» **WHAT TO WORK ON**
Output the listing word for word, minus pictures.

» **DATASET SECTION**

════════

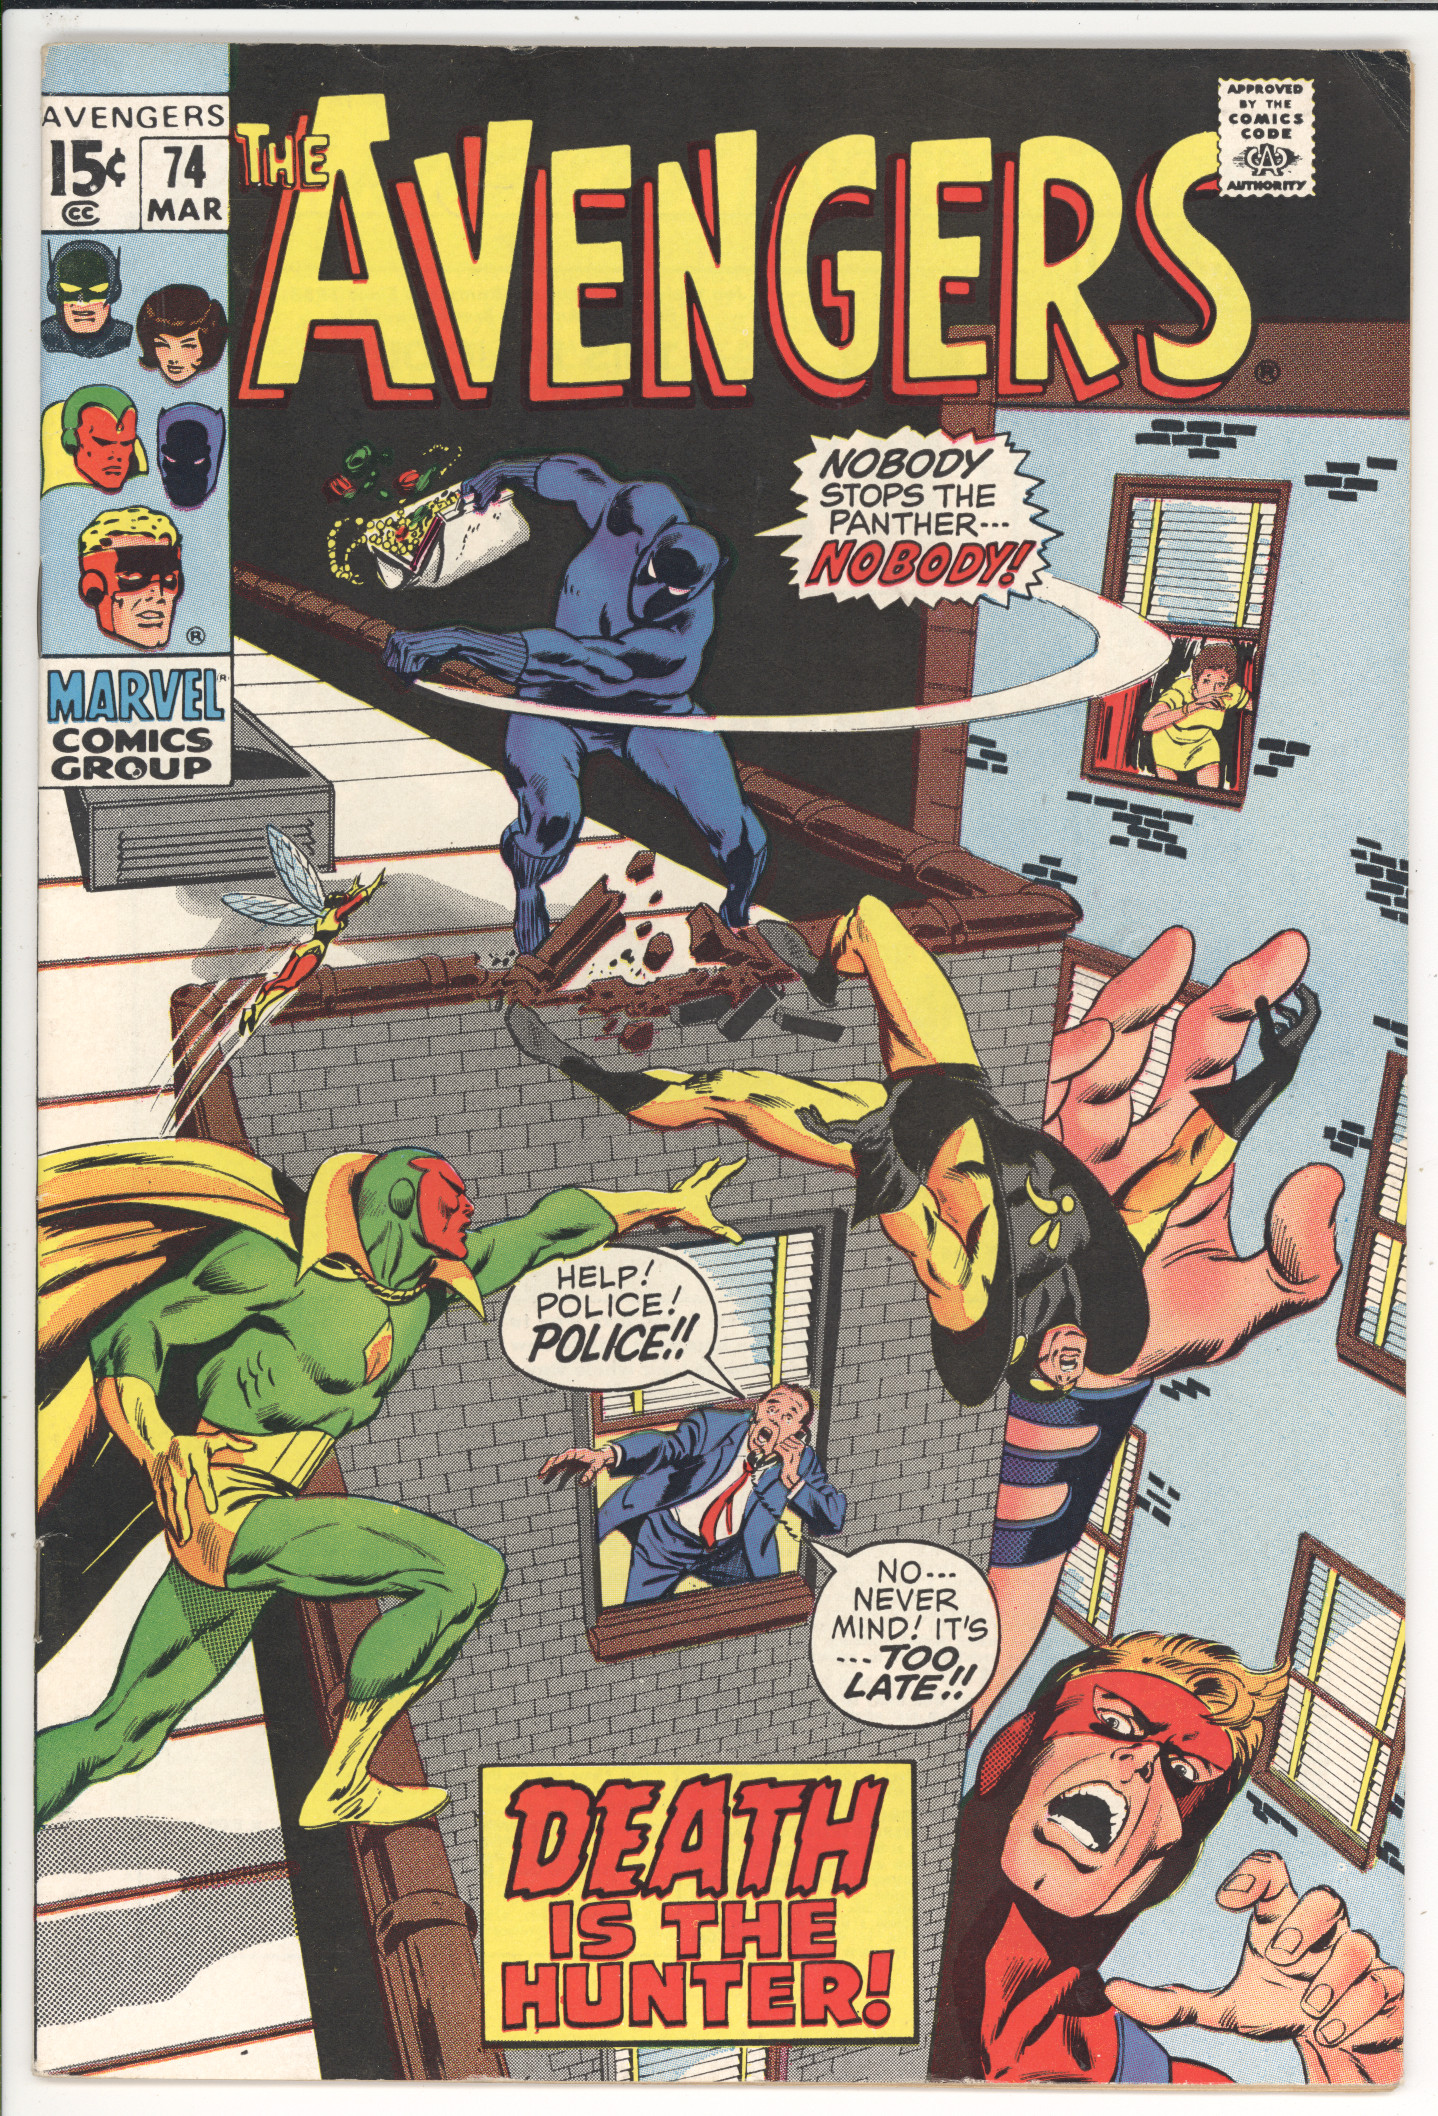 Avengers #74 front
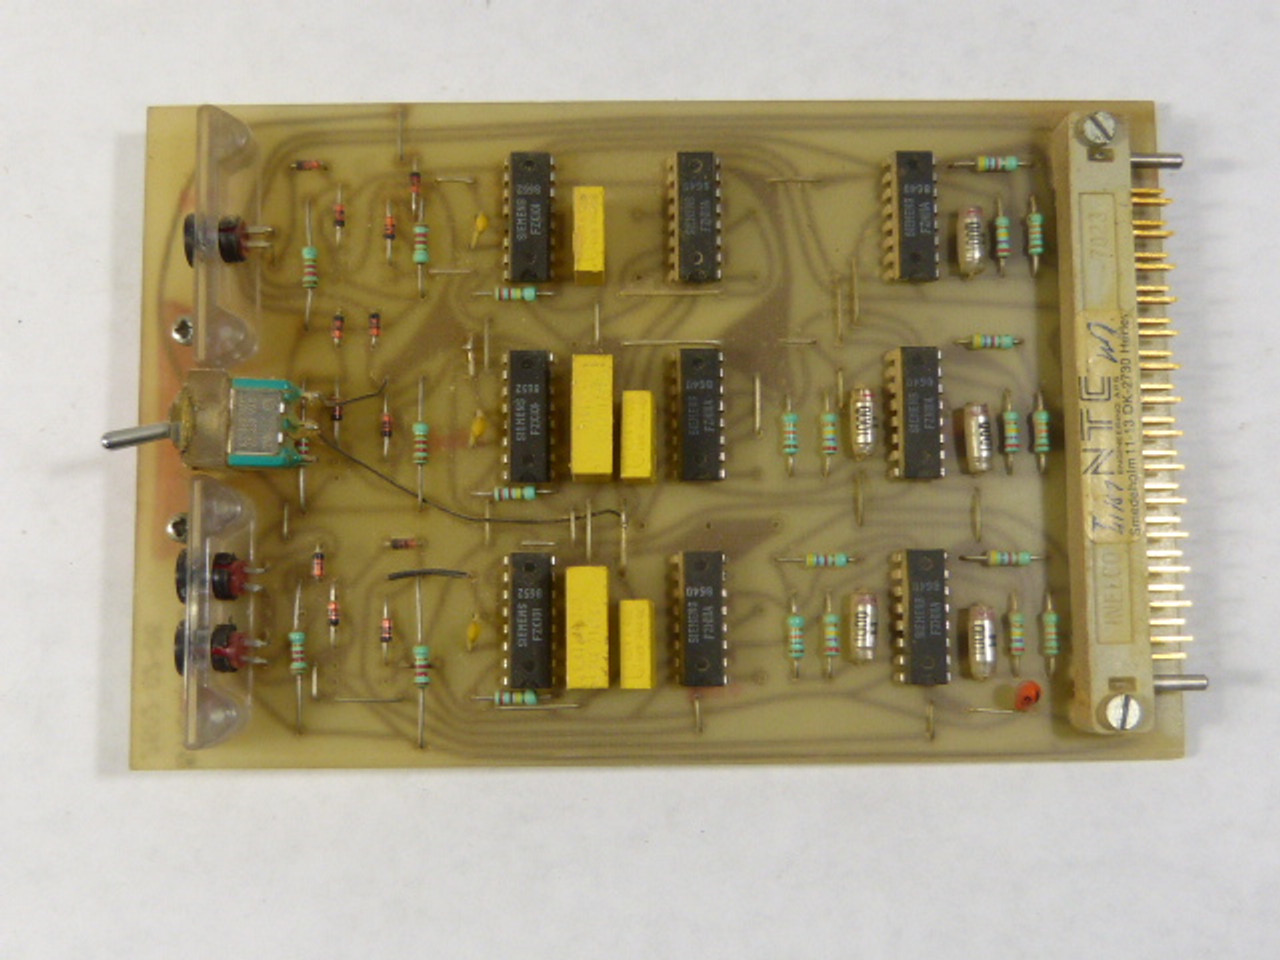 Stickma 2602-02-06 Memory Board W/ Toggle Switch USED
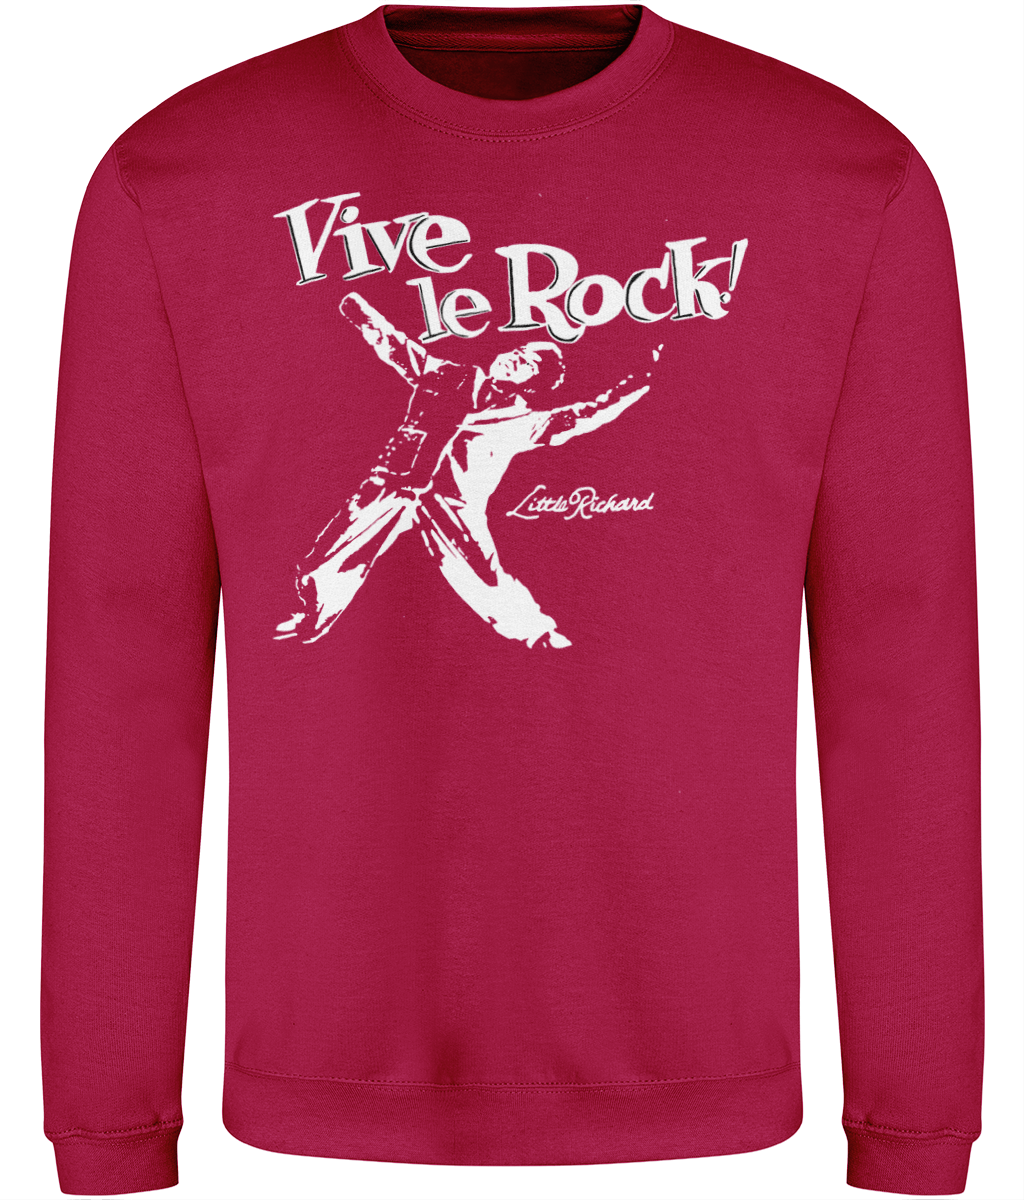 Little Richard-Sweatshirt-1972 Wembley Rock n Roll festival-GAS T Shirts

════════

» **OUTPUT OF THE TASK**
 Avengers #74 front
 Stickma 2602-02-06 Memory Board W/ Toggle Switch USED
 Little Richard-Sweatshirt-1972 Wembley Rock n Roll festival-GAS T Shirts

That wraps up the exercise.